View source on GitHub |
Convergence criterion based on inner products between successive gradients.
Inherits From: ConvergenceCriterion
tfp.substrates.jax.optimizer.convergence_criteria.SuccessiveGradientsAreUncorrelated(
window_size=10, min_num_steps=20, name=None
)
Let g[t]
be the gradient vector at step t
, and g[t-1]
the previous
gradient. Their inner product:
grad_inner_product[t] = sum_i(g[t, i] * g[t - 1, i])
measures correlation between successive optimization steps. We expect this to be positive if the optimization is making progress; conversely, it can be shown to be negative in expectation at the stationary distribution of constant-step-size SGD [(Pflug, 1990)][2].

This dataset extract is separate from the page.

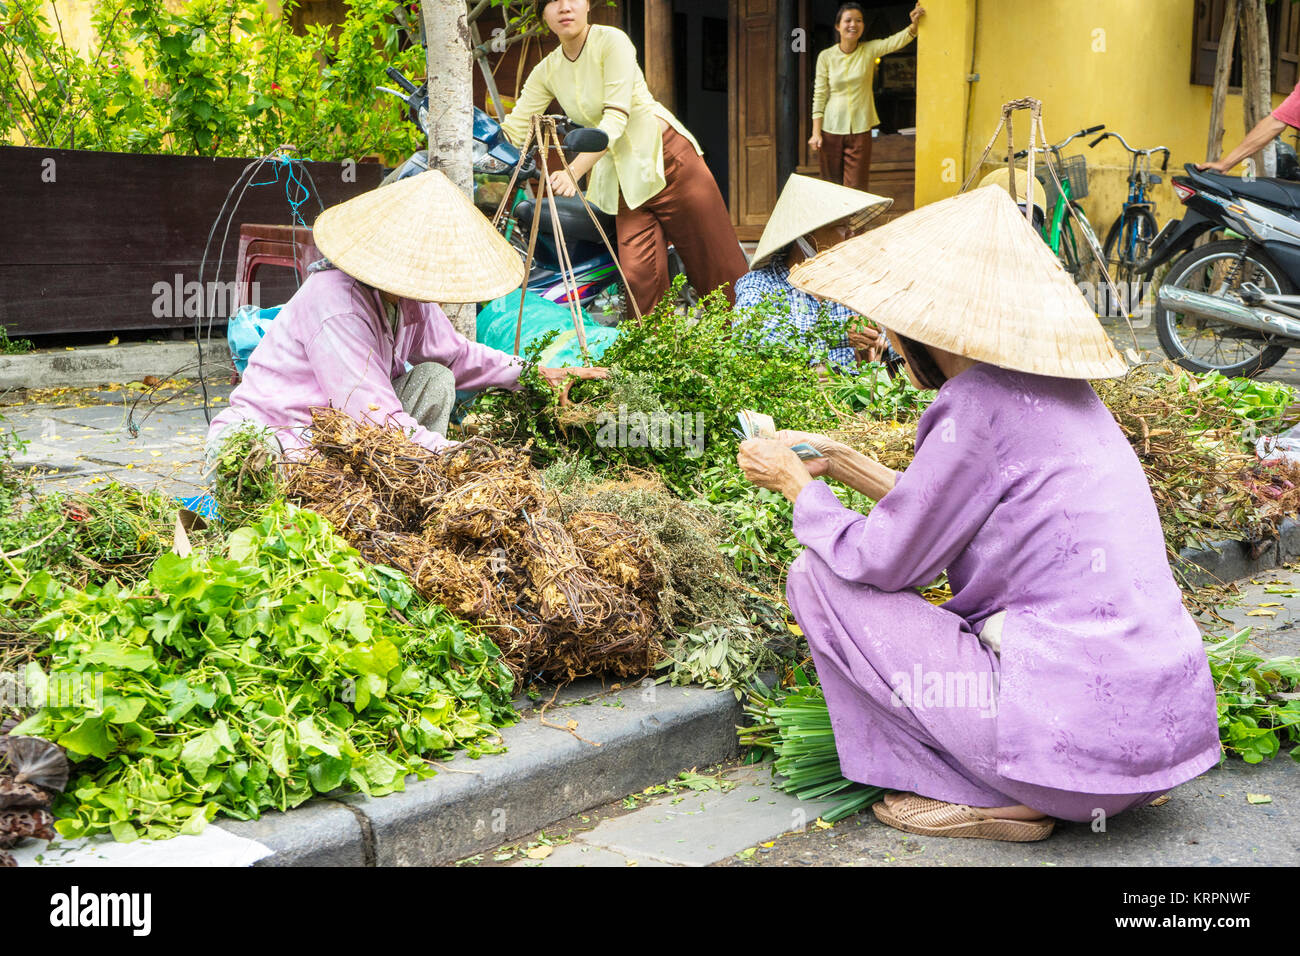 Royalty Free Stock Bild in hoher Qualität von Hoi An, Vietnam. Stockfoto

This criterion detects convergence when an exponentially-weighted moving
average of grad_inner_product
becomes negative; intuitively, when there has
been no consistent direction to the most recent window_size
steps.
Theoretical analysis shows that with no decay (window_size=np.inf
), this
rule stops in finite time almost surely, for constant-step-size SGD under
standard assumptions ([Pflug, 1990][2]; [Chee and Toulis, 2017][1]). In
practice, it is often more efficient to use a decaying moving average.
Batch semantics: because this criterion does not depend on the loss,
vector-valued losses will not produce vector-valued convergence indicators.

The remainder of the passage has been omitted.